The rest of the episode is taken up with him gazing in bafflement at a cultivator and a seed drill and pointlessly messing up various things for our theoretical entertainment and non-edification. Eventually, he does what he would have done if contractual obligations to fill eight hours of telly hadn’t militated against it and hires 21-year-old Kaleb Cooper, a former Diddly Squat employee, to do it all.

Kaleb, incidentally, is This Country’s Kerry and Kurtan Mucklowe to the life (“Been to London once on an art trip. I stayed on the coach. Go to Banbury if I need something desperately. Otherwise – Chipping Norton, Chadlington, Heythrop, that’s me”). He is a testimony to the acuity of their comedy, but with endless practical intelligence replacing the Mucklowes’ gormlessness. The genuine incredulity and dismissal with which he treats Clarkson’s meaningless shtick are the only things here to gladden the heart. In a good and just world, he would have been allowed to take over the farm and the programme, too. But we are where we are.

There is more wearisome, meretricious rubbish in this episode – and then in the others – that there is no point detailing here. The pandemic hits in episode five, but doesn’t really change Diddly Squat life much, besides scuppering some plans for the sheep as restaurants close and demand for lamb goes down. The series amounts to less and less as time goes on. From the staged conceit to Clarkson’s contempt, the bad faith of every aspect of Jeremy Fills the Airwaves is so nakedly on display that each moment feels as if it is hollowing itself out from the inside. (I would particularly like to know what farmers, who would face ruination if they acted as stupidly as the dilettante multimillionaire does here, make of this – and of his wondering why they, members of a demographic with a high suicide rate, don’t just kill themselves.)

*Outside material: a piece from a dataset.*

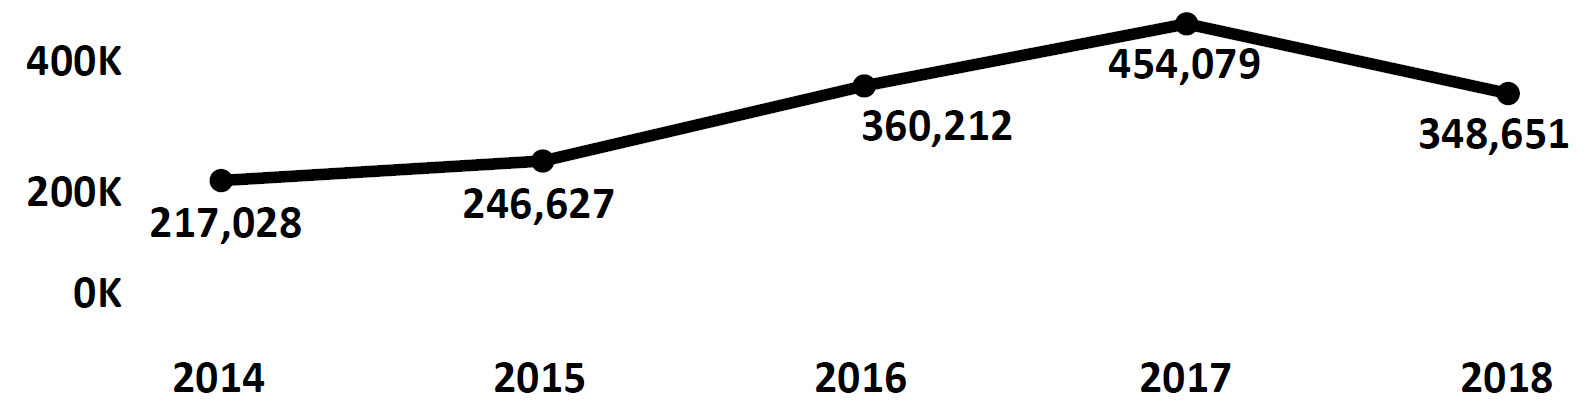 Graph of Do Not Call complaints recorded in New York from fiscal year 2014 to fiscal year 2018. In 2014 there were 217,028 complaints filed, which increased each year peaking at 454,079 in 2017. In 2018 there were 348,651 complaints filed, fewer than 2017.
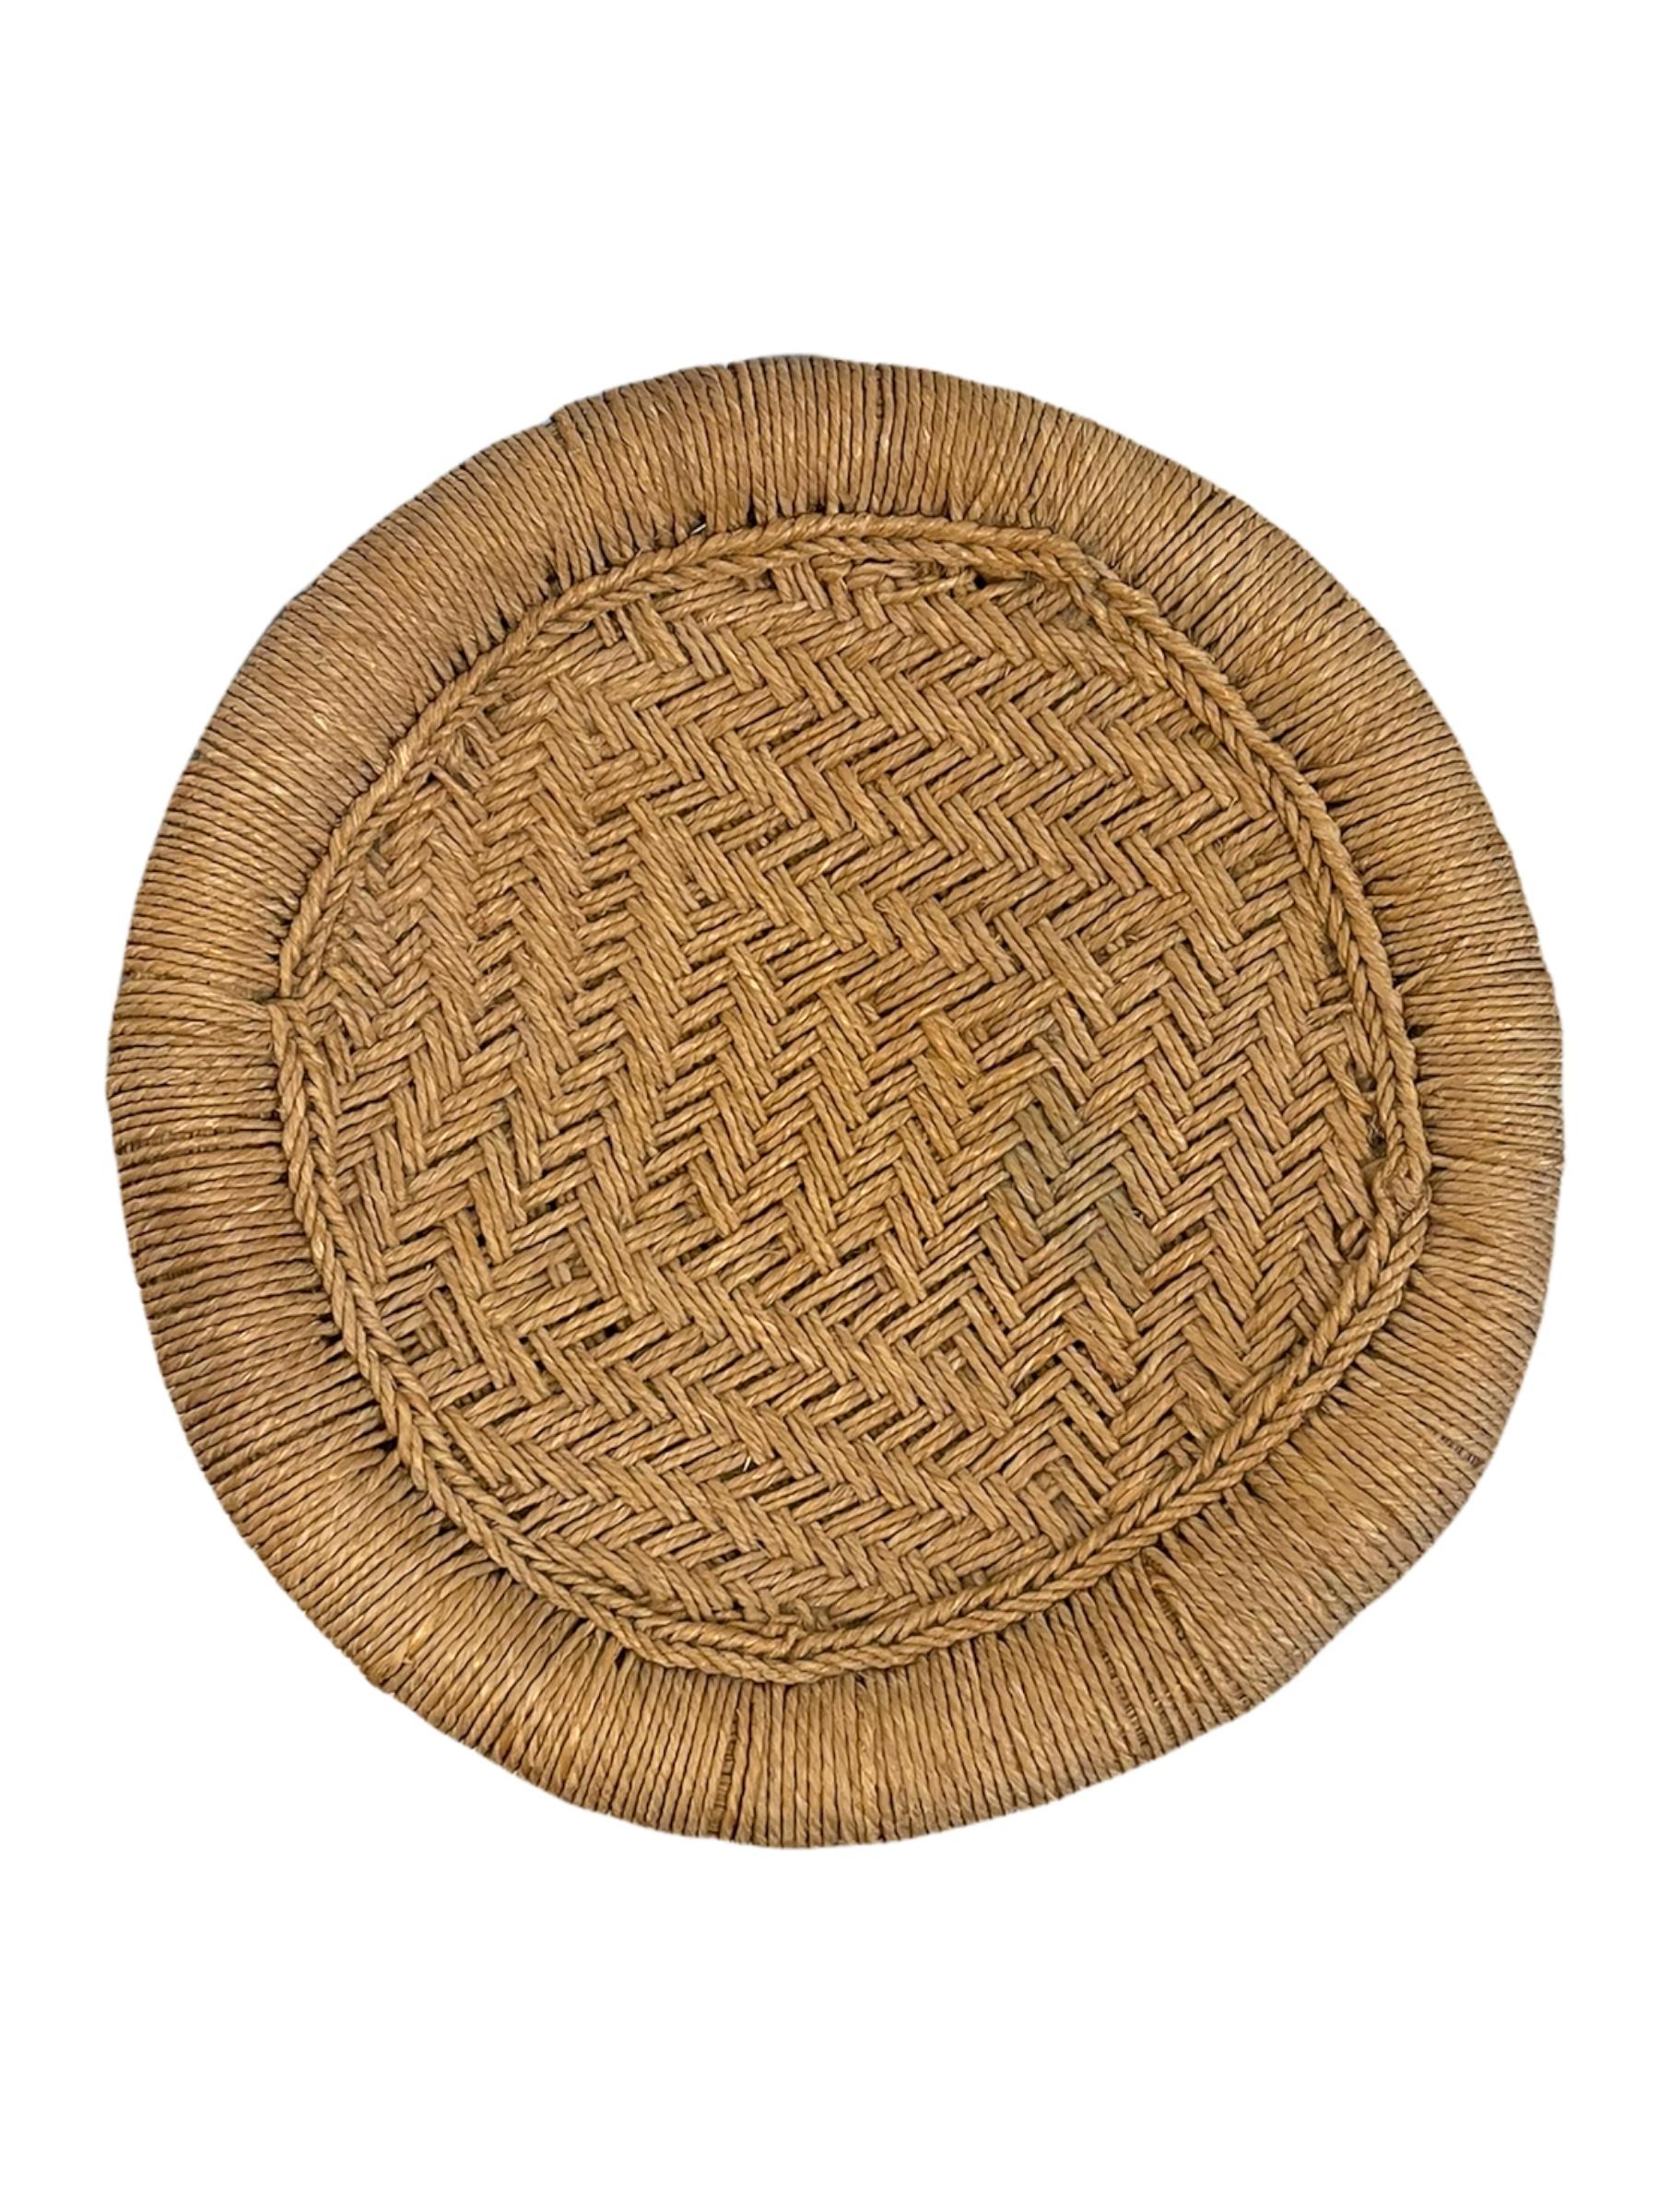 Hand-Woven Rattan and Rope Stool For Sale

Of course, in one sense, it doesn’t matter. Birds gonna fly, fish gonna swim, Clarkson gonna Clarkson and scoff at the “government red tape” that surrounds every farming endeavour until the cows come home. In another sense, it matters a lot. For every Clarkson sucking up money, resources, time and publicity, there are other, newer, brighter, more entertaining, more valuable things not getting made. The most generous interpretation that can be put on Jeremy Buys a Tractor is that Clarkson, by being so visibly idiotic (and incompetent and impractical), is subtly repositioning himself as the buffoon his fans can start to laugh at, rather than the self-indulgent petrolhead they want to be. But that still leaves him with a long career row left to hoe, alas.